One technique that these hackers have employed against Web servers is known as a SYN flood denial of service attack. This type of attack is based on the realization by the hackers that many corporate Web sites are getting millions of hits per day, and that many servers are not able to respond crisply under these heavy loads. Even with only the volume of legitimate connect requests from actual potential customers, many servers often slow down network connections, deny service for potential customers, and even cause network failures due to the sheer volume of business which potential customers are attempting to conduct on the Web server. Such performance slow downs and denial of service problems tend to increase customer dissatisfaction, reduce sales, and diminish the possibility for repeat customers. These problems translate directly into lost sales and lost business opportunities. Unfortunately, this disruptive and non-productive environment appears to be exactly what many hackers are seeking, and have devised the SYN flood denial of service attack to foster its existence.
On Feb. 7, 8, and 9, 2000, this very type of denial of service attack was used to block access to legitimate users of many popular Websites, including Yahoo, Buy.com, eBay, CNN.com, Amazon.com, ZDNet, E*Trade, and Datek. This type of attack was also blamed for the Feb. 18, 2000, shutdown of the Federal Bureau of Investigation's (FBI) Website for several hours.

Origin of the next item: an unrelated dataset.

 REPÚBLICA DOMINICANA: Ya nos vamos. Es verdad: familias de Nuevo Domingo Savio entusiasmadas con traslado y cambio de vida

Warnings of such attacks had been issued by the National Institute of Standards and Technology, Carnegie Mellon's Computer Emergency Response Team Center, and the FBI. However, despite the warnings and all the preparations and precautions taken by Internet Service Providers (ISPs) against such attacks, including rate filters, these Websites were still taken down for several hours. The failure of these Websites to protect against such a simple attack has called into question the vulnerability of Internet companies.

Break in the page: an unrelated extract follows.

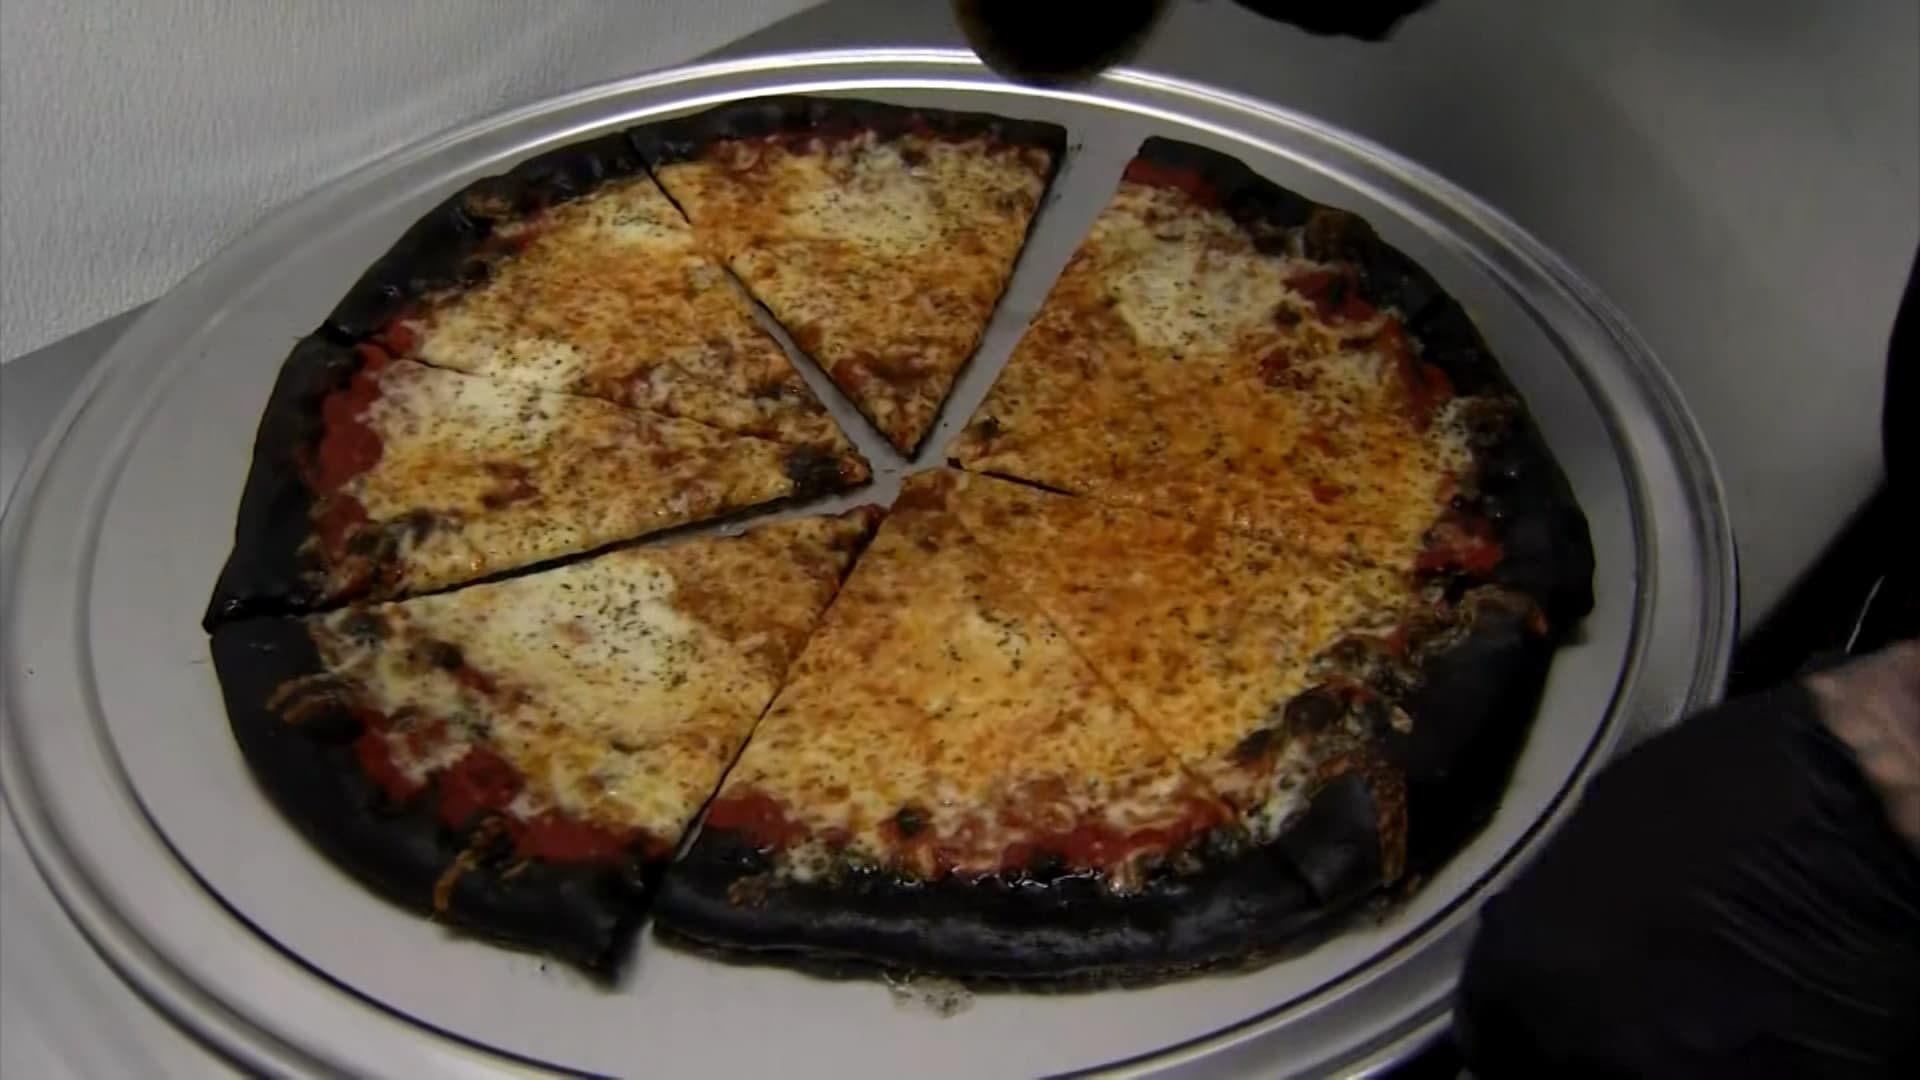 مطعم أمريكي يقدم “بيتزا جريمة القتل” بعجينة سوداء.. كيف هو طعمها؟

Spurred by the February 7-9 attacks, the President of the United States called an emergency Web security summit on February 15 with experts, government officials (including the Attorney General, the National Security Adviser, the Commerce Secretary, and others), and high-tech business leaders to address the concerns felt by the federal government and private industry about such attacks. This problem is so serious that the Attorney General of the United States of America has charged federal law enforcement officials to combine their resources to combat this type of online terrorism, enlisting the FBI and the National Infrastructure Protection Center (NIPC) in the fight. Further, the President has sent a budget request of $2 Billion to Congress for government efforts to combat computer sabotage by cyberterrorists.
To understand these SYN flooding denial of service attacks, one must first understand the way the Internet, and the servers connected to the Internet, operate. Lying at the core of the explosion of the popularity and usage of the Internet is the Web server and browser communication protocol known as hypertext transfer protocol (HTTP). HTTP is the network protocol used to deliver virtually all files and other data, known collectively as resources, on the worldwide Web. These resources include HTML files, image files, query results, etc. This network protocol typically takes place through TCP/IP sockets. As with other network protocols, HTTP utilizes a client-server model. In this model, an HTTP client (such as a consumer) opens a connection and sends a request message to an HTTP server (e.g. a corporate Web server). Once the HTTP server has received the request from the client, it returns a response message, typically containing the resource that was requested by the client. For most typical browsing transactions on the Internet, the server then closes the connection after delivering the response. As such, HTTP is a stateless protocol, i.e. not maintaining any connection information between transactions.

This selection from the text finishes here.